If you send send a transaction request to a node, what is to to ensure that node doesn't simply log your private key and do nothing?

What is to stop the entry node from taking a transaction intended to transfer 1 bitcoin, and transfer 100 instead? Or to stop the node from changing the receiver of the transaction to someone else?

Lastly, what is to stop a node from sending a completely made up blockchain?

Do you just have to choose a trustworthy node?

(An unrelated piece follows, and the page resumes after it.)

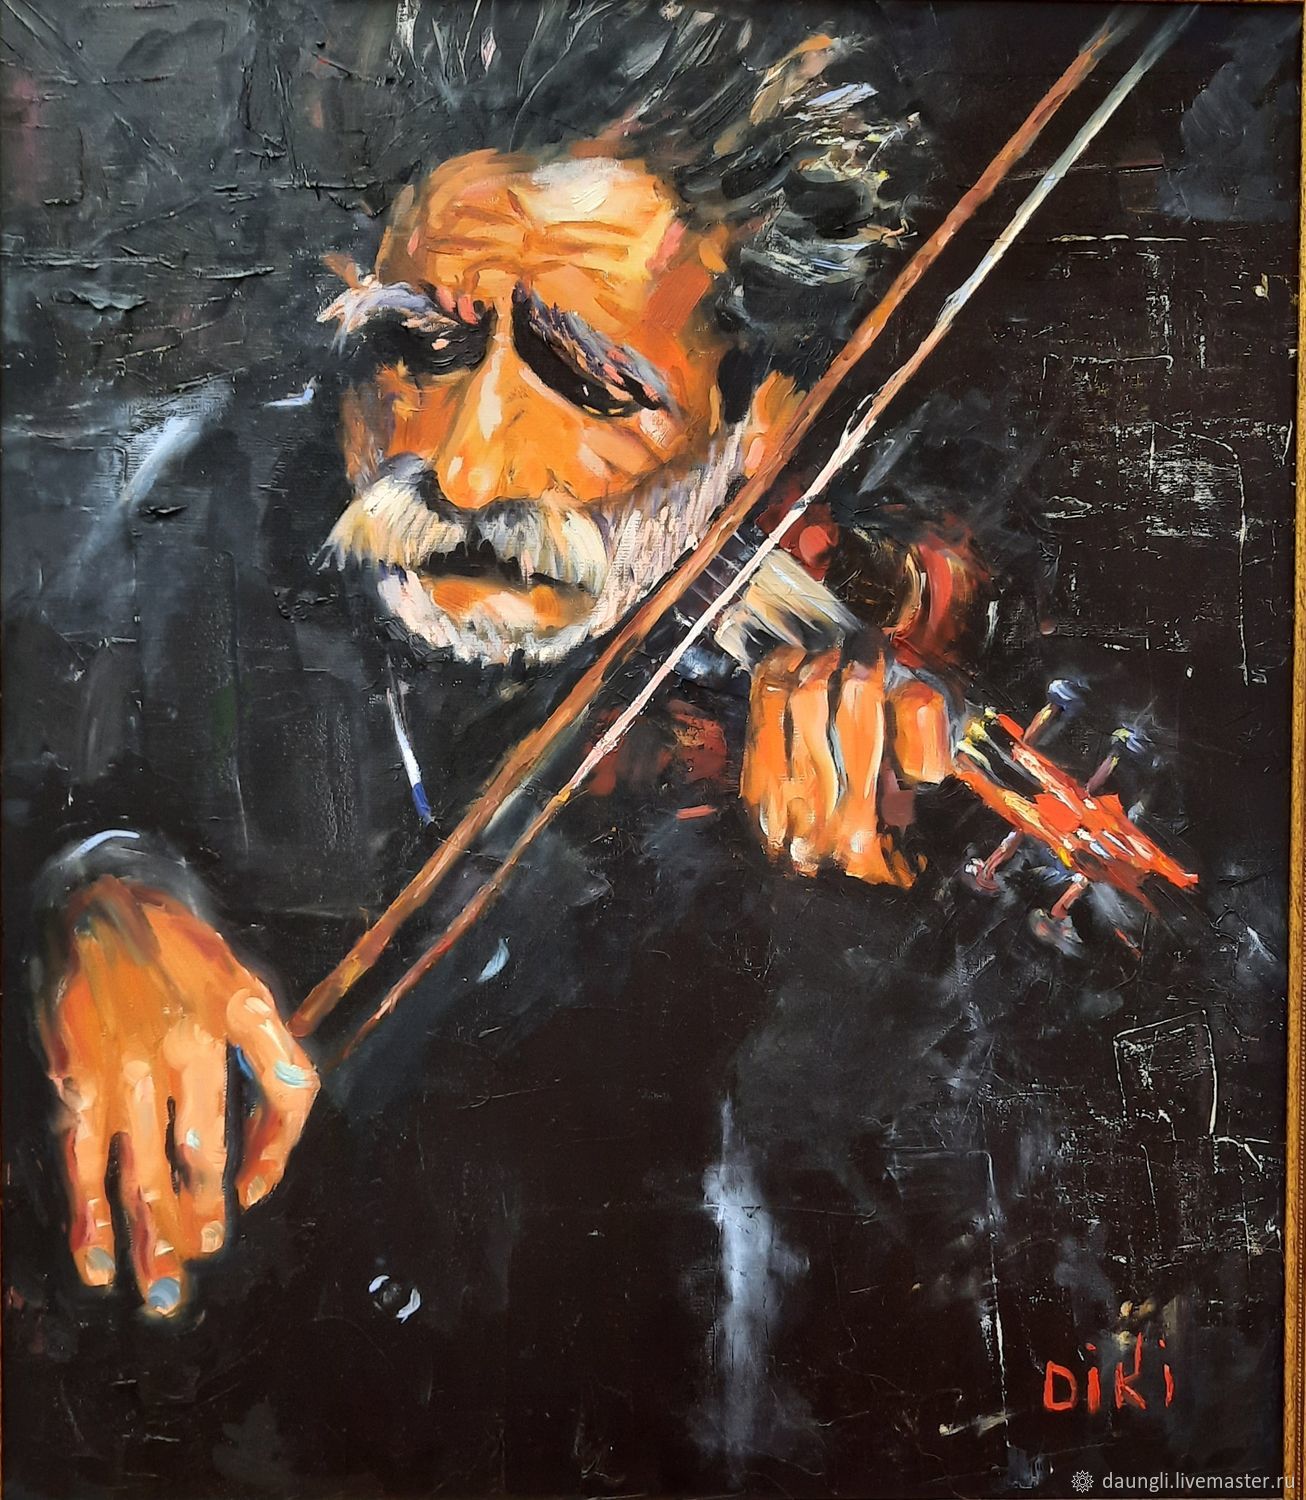  Старый скрипач, Картины, Новосибирск,  Фото №1
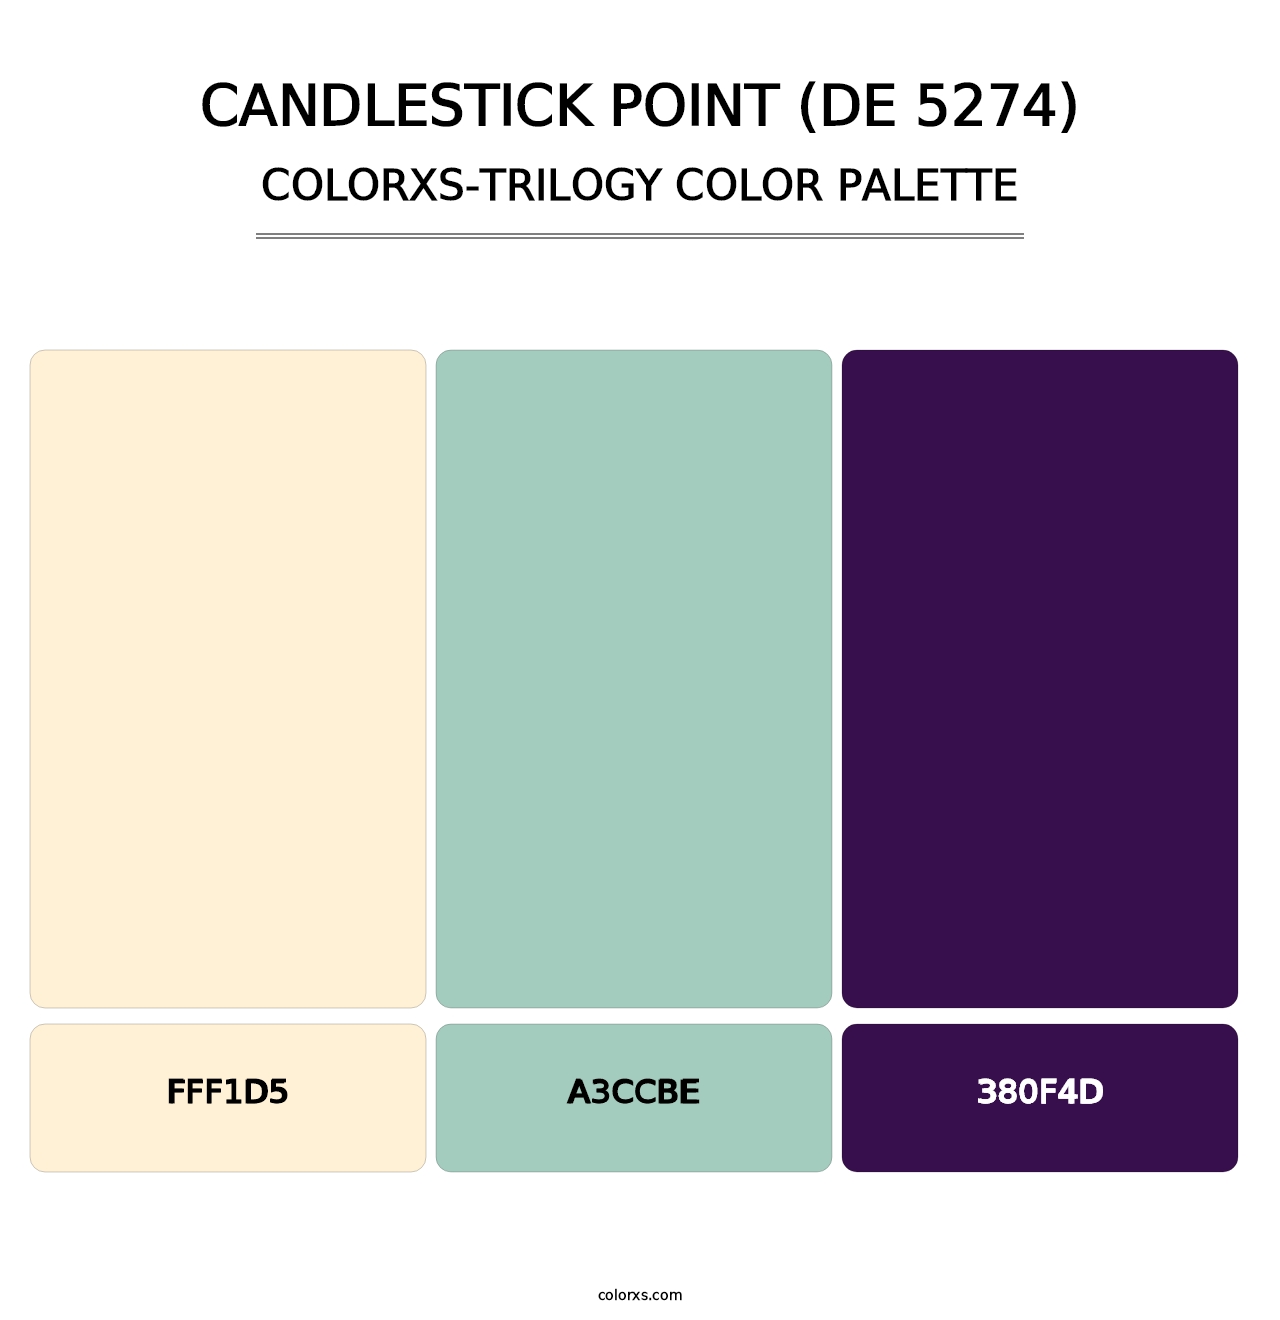 Candlestick Point (DE 5274) - Colorxs Trilogy Palette

Bitcoin is meant to be a decentralized network not requiring trust to make/receive transactions. Transactions contain signatures to prove that they haven't been tampered with. Signature is not just the private key, it is something that is derived by the private key and some other parameters. This is called ECDSA, Elliptic Curve Digital Signature Algorithm. If the crypto implementation is proper, it's impossible to extract the private key from signatures.

Changing the blockchain is a different topic. Each block contains "Proof Of Work", which means its hash (a value to check a block's authenticity, but no private key) would change if any part of the block is altered. This'd invalidate the block, and miners would have to re-mine that block (change little things until the hash is lower than a value, the target) But if you create a fake chain with lower targets for blocks, then your chain would have have less Proof Of Work accumulated and other nodes would switch to the chain with the largest PoW once they're aware of it. (But in practice there are checkpoint blocks, so the initial target for remining a chain is high)

  • Ah! I understand now that the private key is never sent. However, I still am confused on how you know a node doesn't just return a false blockchain. Yes, other nodes wouldn't accept that as a valid blockchain (as there is less POW), but wouldn't the requester still get a fake blockchain and not know it? How does bitcoin prevent this? Do wallets or apps used to trade bitcoin simply choose a trusted node to connect to? Mar 25 '20 at 20:59
  • I think I've answered my previous comment question... Wallets don't just connect to nodes, they start their own "lightweight" nodes, and connect to other nodes to find the most valid chain (longest). Then they use that blockchain! Is that correct? Mar 25 '20 at 21:03
  • Nodes and wallets are given checkpoints like "Don't accept the blockchain unless the block 5000 has hash A, 2000 has hash B, 500 has hash C". And yes, if they find a longer chain then they'll erase their chain and switch! But I don't think they find the longest chain before downloading it, because any node can lie at the beginning.